Touristes en Thaïlande (2)


Lorsque l'on a goûté à Changmai on se demande si l'on aura envie de repasser par Bangkok. Même si nous n'échappons pas aux embouteillages et à la foule, nous sommes dans une ville de province. Les marchés y sont encore plus incroyables, débordant de légumes qui ne ressemblent souvent que vaguement aux nôtres, de fruits exotiques, de poissons qui frétillent dans des bassines en plastique, tant d'anguilles qu'on dirait la chevelure de la Gorgone, de calamars, de tortues, de plats amoureusement cuisinés comme à la maison, parfums enchanteurs qui nous donnent envie de tout goûter à s'en faire péter la sous-ventrière.

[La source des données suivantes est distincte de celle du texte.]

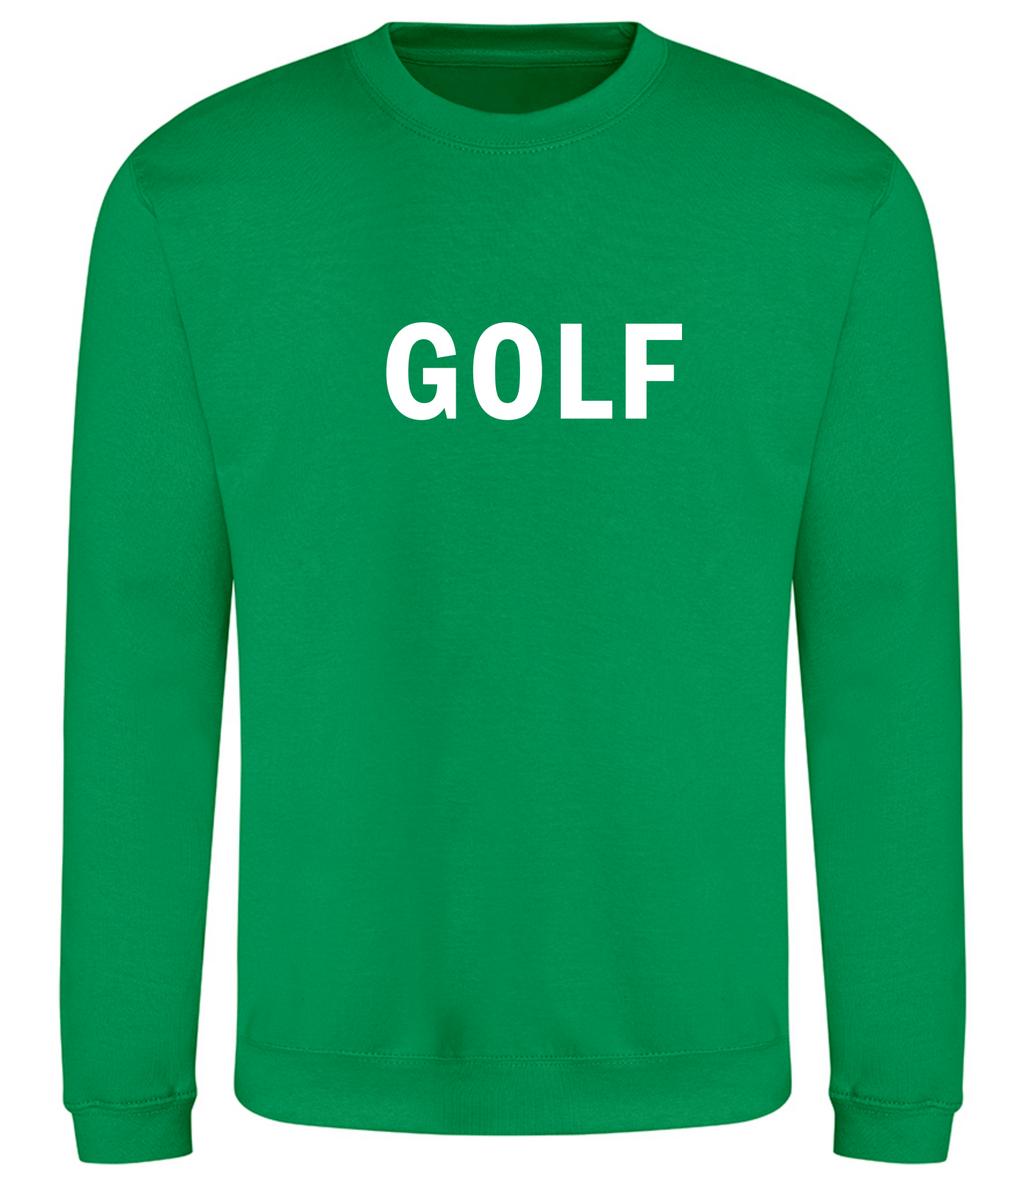 Golf God Clothing "GOLF" sweatshirt - Kelly Green
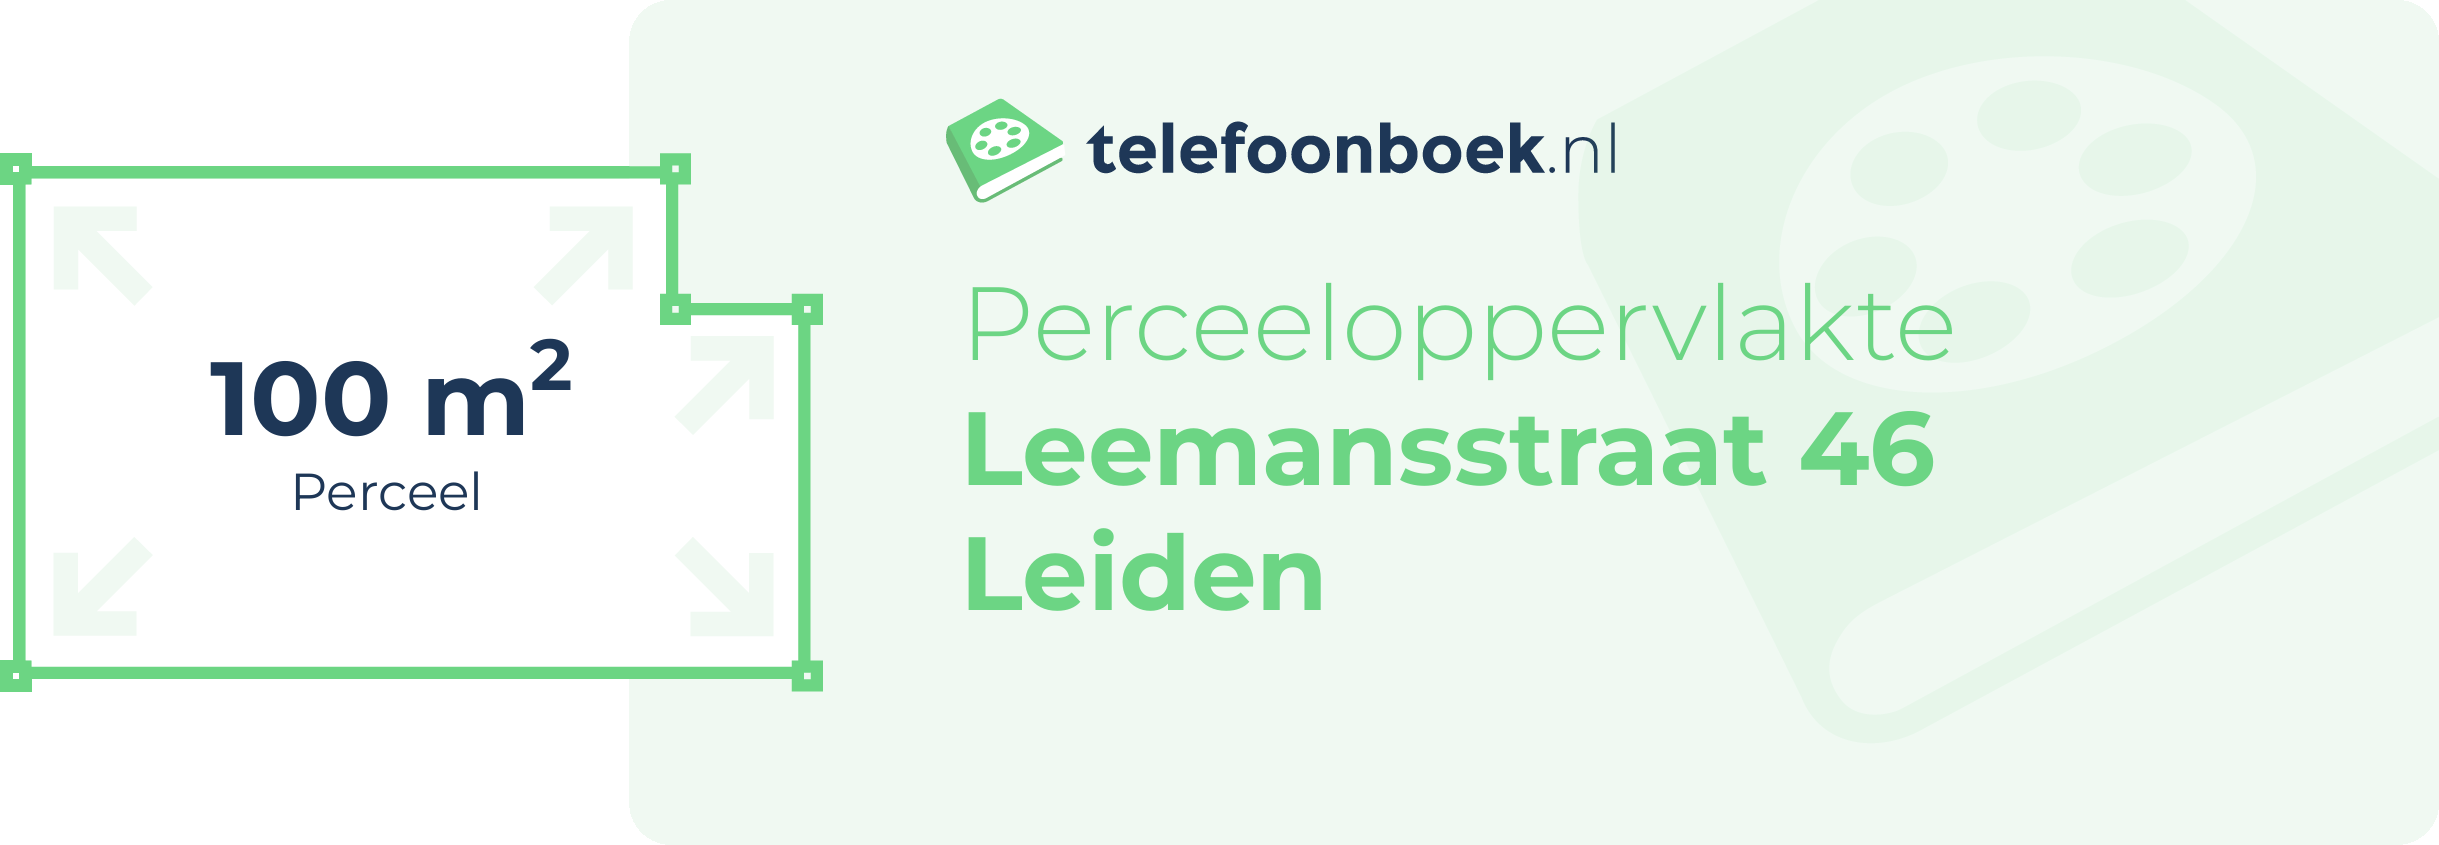 Perceeloppervlakte Leemansstraat 46 Leiden

Heureusement, nous faisons attention de ne pas en arriver à ces extrémités. Sauf pour le piment dont je me gave comme les enfants abusent des sucreries.
Le premier soir, je trouve même une gargote où l'on nous apporte un plat d'insectes frits, grandes sauterelles, grosses fourmis ailées et chenilles croustillantes. J'en rêvais. Je suis servi. Les grenouilles au curry ressemblent plutôt à des crapauds dont la chair est succulente. Françoise préfère de loin les plats où la noix de coco participe à la recette. Je dévore de petits raviolis aux cacahuètes et au lait de coco de couleur bleue, verte ou blanche.


Changmai semble plus touristique que Bangkok, essentiellement parce que les guesthouses se trouvent toutes dans le même quartier. Je convaincs Françoise de céder au charme de la campagne et aux paradoxes du tourisme organisé. Ce sera l'unique fois du voyage. Les ballades à dos d'éléphant ou en char à bœufs nous séduisent moins que la descente de la rivière en radeau de bambou ou la ferme des orchidées. Tout est paisible. Nous terminons nos journées dans les écoles et les salons de massage. Pourtant, que ce soit pour les pieds (1 heure à 3 euros) ou tout à l'huile (1h30 à 6 euros) dans un institut d'aveugles où le fou-rire est maître, il s'agit plus de massages de confort que de soins réparateurs. On y passe un moment de détente, mais on est loin des doigts magiques de Liu Yang.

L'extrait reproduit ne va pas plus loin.